CME Worth The Risk?

By Wayne Pinsent | April 23, 2008 AAA

The CME Group (NYSE:CME) reported soaring profits as it was boosted by its combination with the Chicago Board of Trade. The parent of the world's largest derivatives exchange reported profits that more than doubled, but the stock still got crushed as the numbers missed analyst expectations. The drop could provide an entry point for investors who can handle a little risk.

Expecting More From The Merger
On Tuesday, April 22, CME Group reported first quarter net income of $284 million ($5.25 per share) compared with $130 million ($3.69 per share) a year earlier. The CME Group is the result of the Chicago Mercantile Exchange's acquisition of the Chicago Board of Trade last year. The combined entity has benefited by increasing its bottom line numbers, but the merger was expected to provide even more of a bang for the buck. The company also benefited from a change in the state tax laws. Excluding this benefit, the company earned $4.67 per share, missing consensus analyst expectations of $4.83 per share by 16 cents.

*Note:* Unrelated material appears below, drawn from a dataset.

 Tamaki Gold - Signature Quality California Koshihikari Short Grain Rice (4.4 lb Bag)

Top line numbers disappointed as well. Revenue rose to $625 million, up from $332 million a year earlier, but below the $630 million expected from analysts. The market has grown accustomed to CME beating expectations, so this miss came as quite a surprise, and investors sent the shares down 7.6%, or $40, to close at $483.50. At one point shares were down more than 12%, close to $460.

Troubles Ahead?
One troublesome takeaway from the quarter was that the volume of Eurodollar contracts dropped year over year. This is the company's biggest product line, and is a key indicator of the company's future growth. Since it serves as a driver for analyst estimates, you can look for estimates to come down slightly in the near term, although the drop on the stock has largely priced in this news.

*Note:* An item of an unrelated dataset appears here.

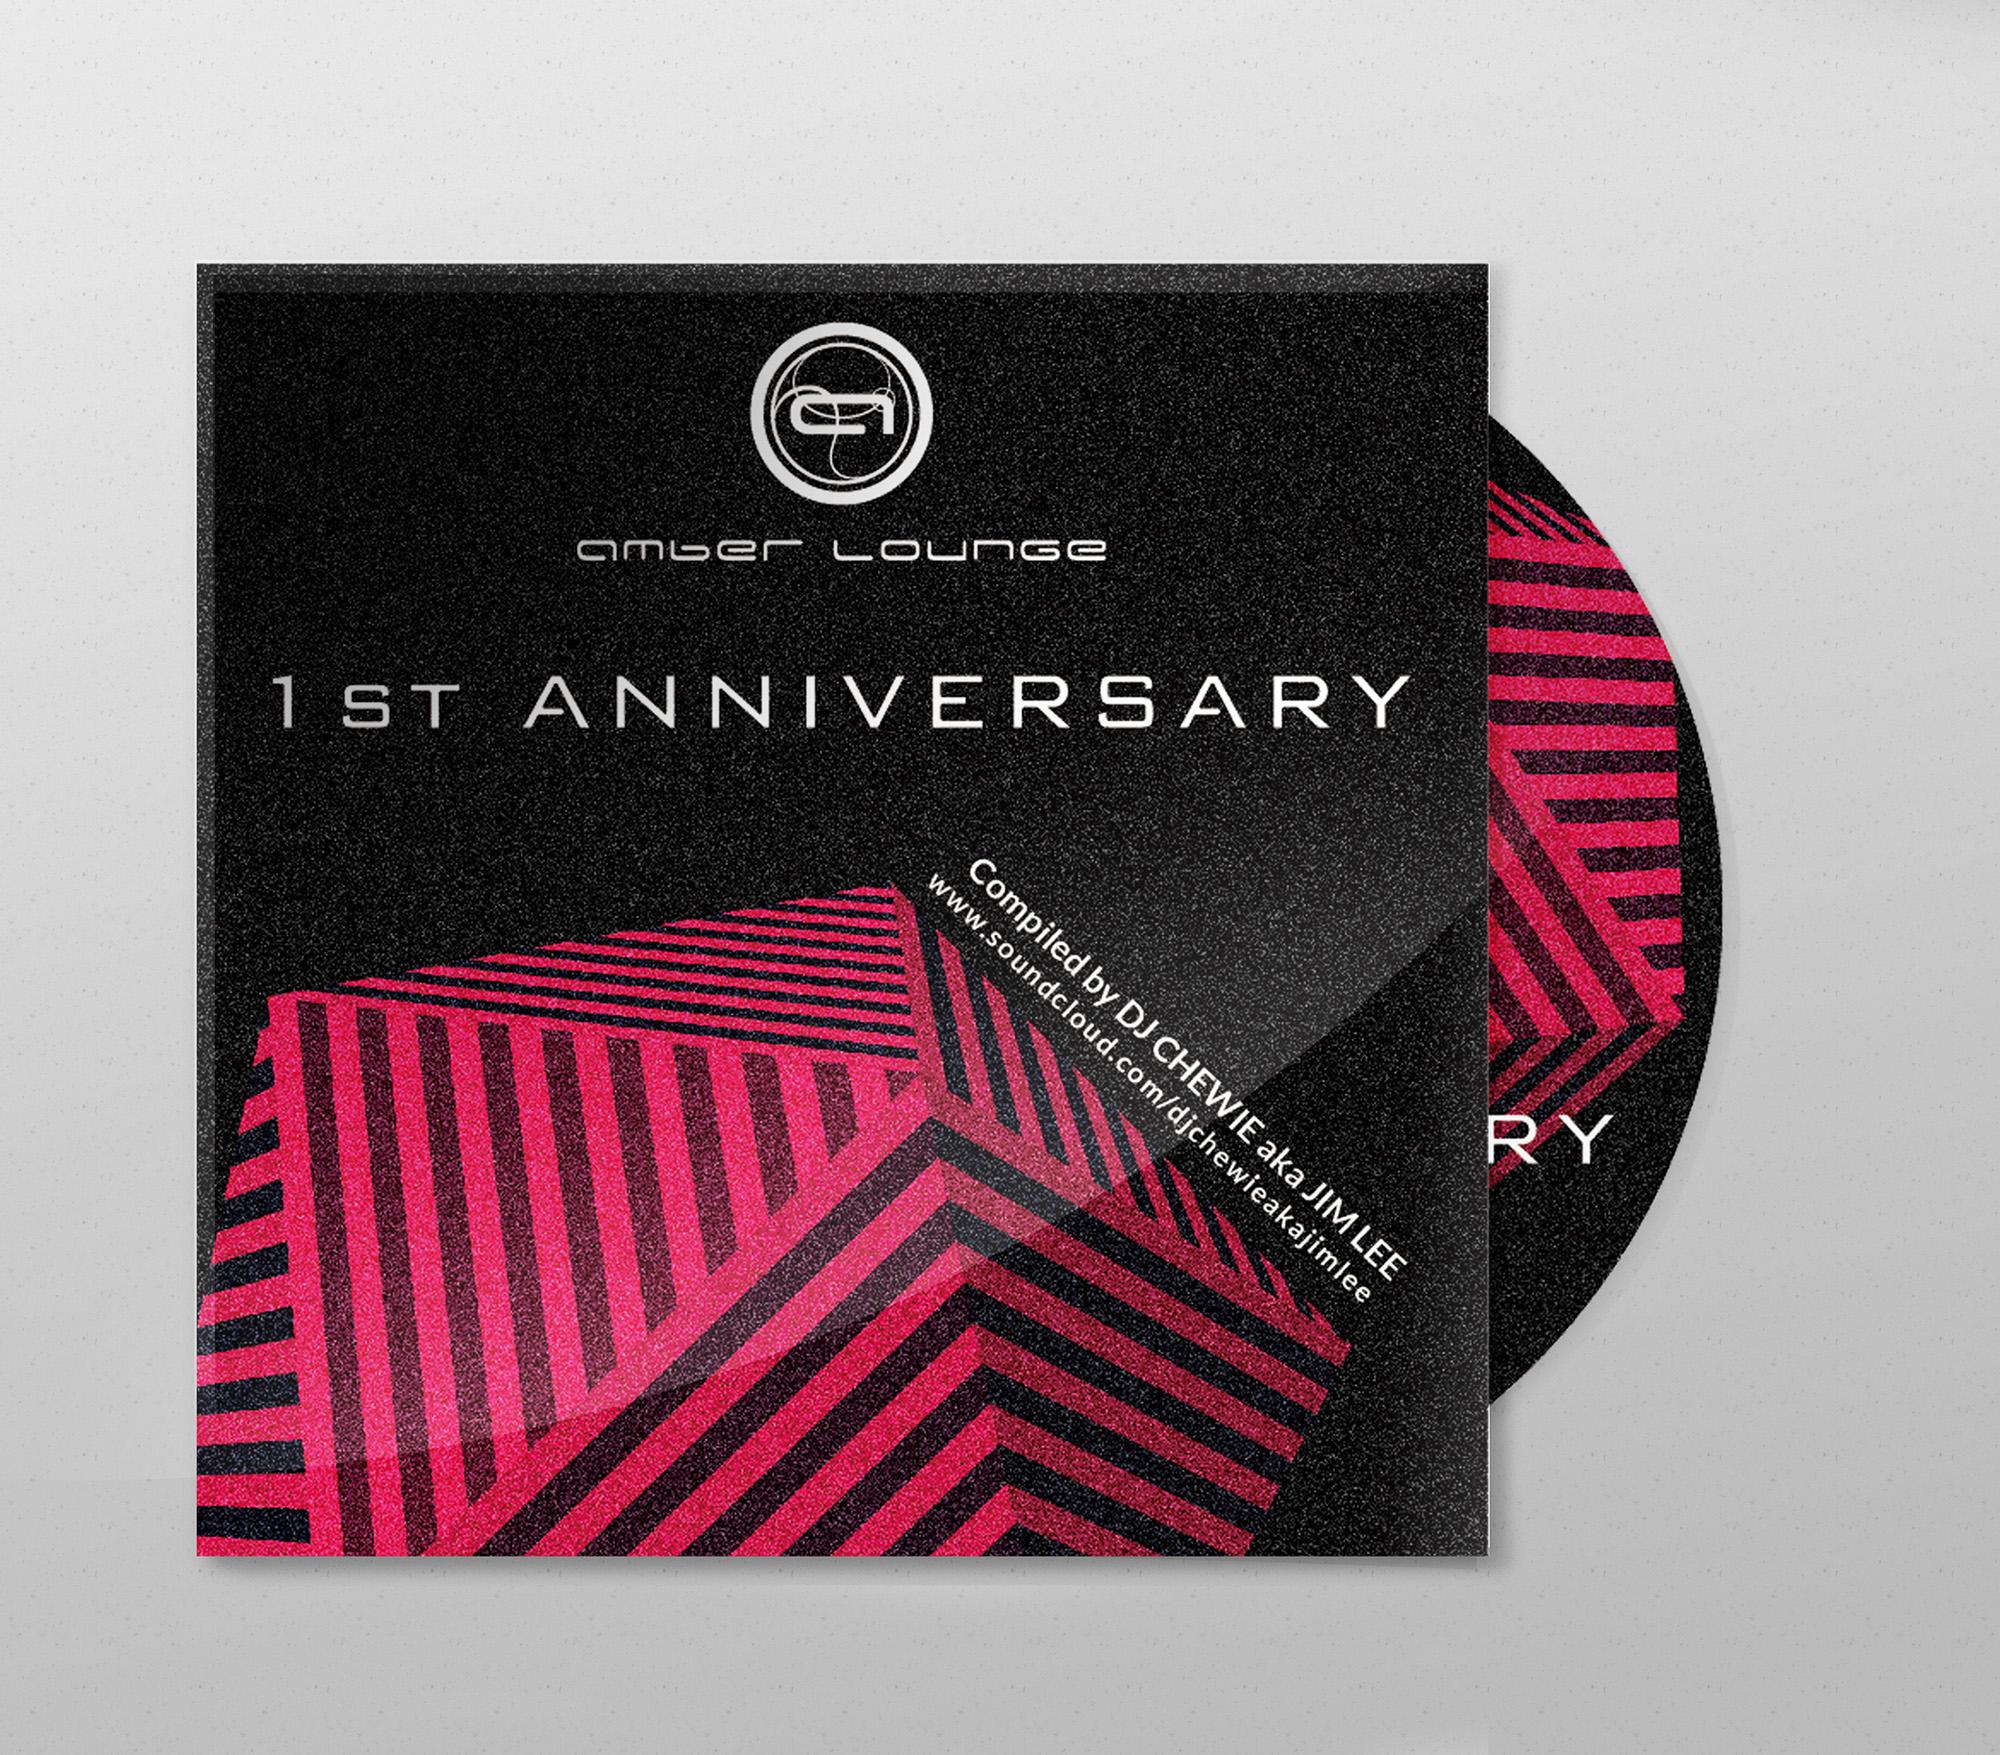 amber lounge : 1st Anniversary privilege gift CD

Another trouble is that margins for traders have increased. This move was to reduce some of the speculation in futures contracts, due to ever-increasing commodity prices. This speculation is certainly something that regulators and the government would want to contain, but the CME eats up, since more speculation lead to more trades and more profits. The increase in margins may be leading to less trading.

Looking Forward
A lot of the problems can likely be attributed to market conditions, and firms reacting in an effort to reduce risk, and lower leverage to do so. This does impact CME and causes some added risk in the stock, but I still like the growth in the company. Also the risk of regulatory change proposed by Treasury Secretary Hank Paulson, seems to be dead in the water, at least for now.

CME Group is set to acquire NYMEX Holdings (NYSE:NMX), parent of the New York Mercantile Exchange, for around $9.4 billion, pending shareholder approval. This deal will even further solidify its status as the leader in futures trading. I think there will be further integration benefits to this deal, and I view the company's current growth as still impressive with the amount of risk that has currently come out of the market. I like the stock, but view it as a little riskier than its stock exchange counterparts due to valuation.

The stock currently trades at a higher price-earnings multiple than both the NYSE Euronext (NYSE:NYX), and Nasdaq OMX Group (Nasdaq:NDAQ), but also has high growth potential. Dangers of regulatory changes and prolonged risk averseness in the market make the outlook for CME Group a little more blurry, but I would recommend the stock on the downturn for those who are willing to take on a little added risk. (For background on the various exchanges, check out Getting To Know Stock Exchanges.)

The Bottom Line
CME Group posted first-quarter profit that more than doubled from a year ago, and still it failed to meet market expectations for the new combined options and futures powerhouse. True, the company missed estimates on both the top and bottom line, but it still has solid growth potential going forward. The shares reflect higher growth in their valuation, but overall I think the recent drop in the stock price is providing an entry point for investors willing to take on some risk.